Neste domingo, comemora-se o centenário do nascimento de Paulo Freire, educador brasileiro que continua proporcionando grandes lições a leitores conterrâneos e estrangeiros. Tais ensinamentos são possíveis aos que se dispõem a conhecer as obras escritas, ou seja, a dialogar com o autor a partir da leitura de seus livros.

Os textos freirianos são fontes inesgotáveis de contribuições para o meu trabalho como pesquisador e como formador de professores, no ensino de graduação e de pós-graduação. São inesgotáveis porque faço relevantes descobertas a cada novo encontro pela leitura, motivado por propósitos diversos e em situações diferentes. 

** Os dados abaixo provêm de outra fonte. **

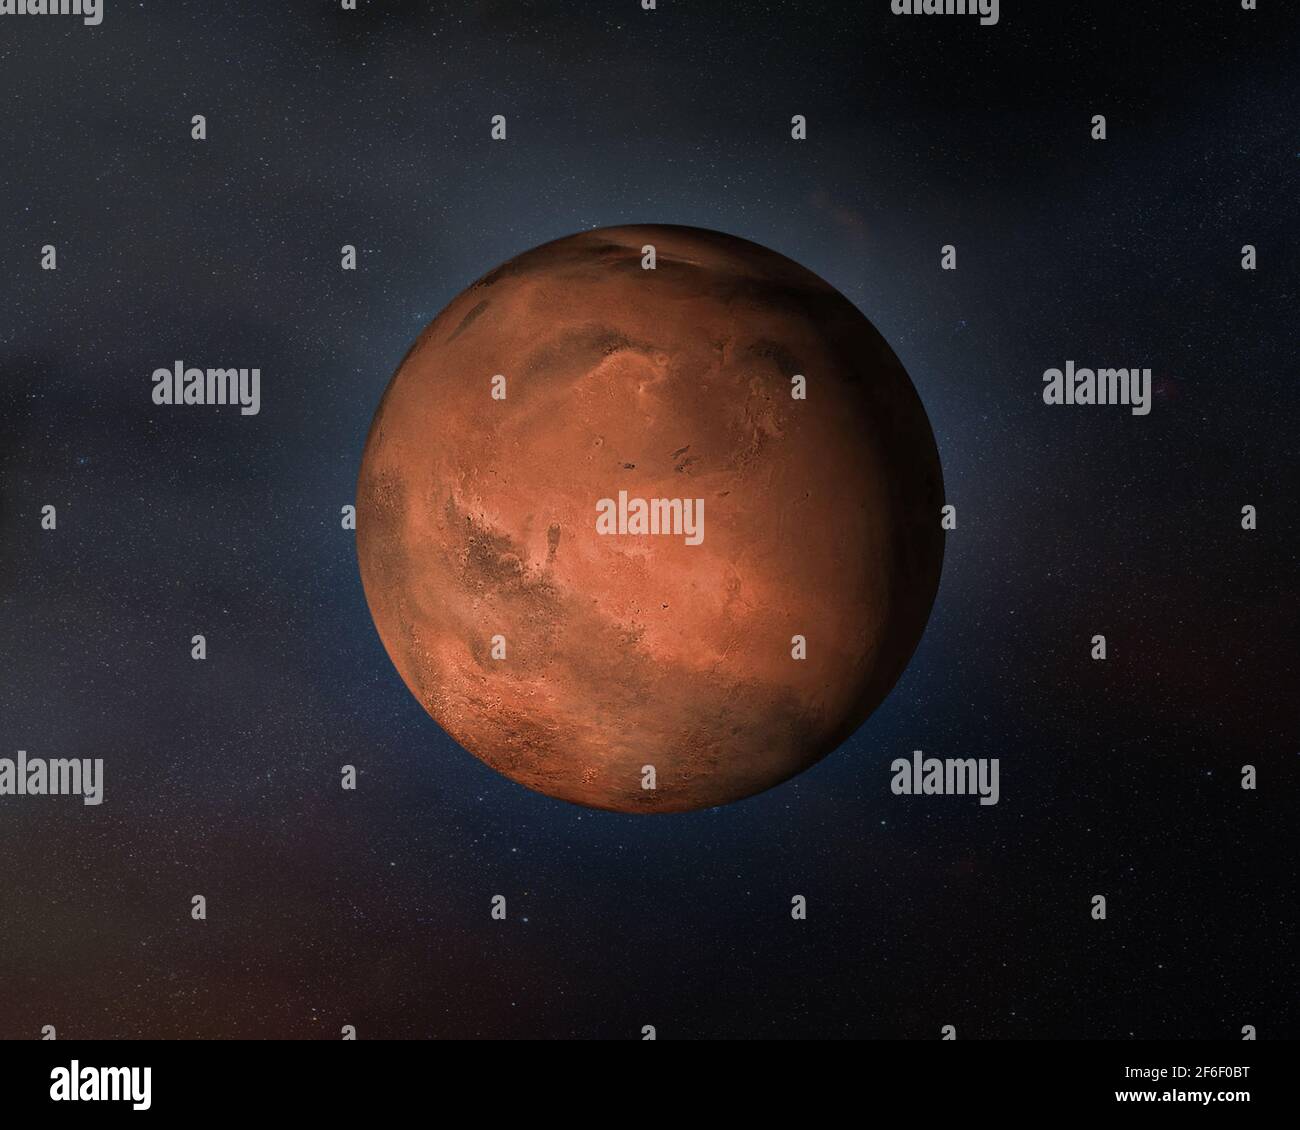 Vista del planeta Marte en el espacio exterior. Elementos de esta imagen proporcionados por la NASA. Foto de stock

Neste texto, compartilho experiências construídas entre pernambucanos, também virginianos, trata-se de um tipo de testemunho. Como Paulo Freire, igualmente recifense, tem influenciado meu trabalho na Educação? Para este texto, seleciono duas lições aprendidas e interconectadas, as quais, em minhas aulas, compartilho com os alunos, especialmente a partir de minhas atitudes. Os alunos a que faço referência são professores em formação inicial e em formação continuada

Como primeira lição, minha sala de aula, no ensino presencial ou remoto, funciona como um espaço de construção colaborativa de conhecimentos, uma espécie de janela para a leitura e a compreensão do mundo. Assim, meu trabalho docente não se limita à reprodução de conteúdos disciplinares, percebidos por alunos como pouco significativos ou, até mesmo, desprovidos de utilidade. Esforço-me para identificar diferentes necessidades discentes, que são demandas instauradas e renovadas por turmas distintas. Daí trilho percursos, seleciono e construo conhecimentos para orientar o meu agir profissional.

A postura descrita demanda o exercício da autonomia, que é a segunda lição. A autonomia se caracteriza pela prontidão dos professores para refletirem sobre o próprio trabalho realizado, assumindo uma postura de pesquisadores da própria prática profissional. Eis a importância da valorização do magistério e do investimento na formação crítica dos professores. Paulo Freire propõe o diálogo produtivo entre representantes das universidades e das escolas, com aprendizado mútuo para as duas comunidades, evitando-se a imposição de saberes ou o silenciamento de alguma das partes.

Eis dois momentos especiais em que me senti orgulhoso de ser brasileiro: (1) há alguns anos, num congresso científico na China, uma pesquisadora da Oceania fez uma exposição e mostrou que as obras de Paulo Freire eram as principais referências da pesquisa sobre alfabetização de adultos, realizada e apresentada por ela; (2) na última semana, num congresso sobre formação de professores no contexto pandêmico, tive o privilégio de participar de uma exposição, um painel científico, com três palestrantes de países distintos da América Latina. Nas pesquisas desses cientistas, tematizando desafios do ensino remoto em comunidades periféricas de seus respectivos países, era evidente a influência freiriana no trabalho realizado para produzir práticas de linguagem produtivas e empoderadoras. 

Finalmente, considerando as experiências aqui pontuadas, compreendo haver boas razões e inúmeras justificativas para a celebração do centenário do nascimento de Paulo Freire, meu conterrâneo e grande interlocutor! 

Wagner Rodrigues Silva
é Doutor em Linguística Aplicada e docente na Universidade Federal do Tocantins (UFT), Câmpus de Palmas.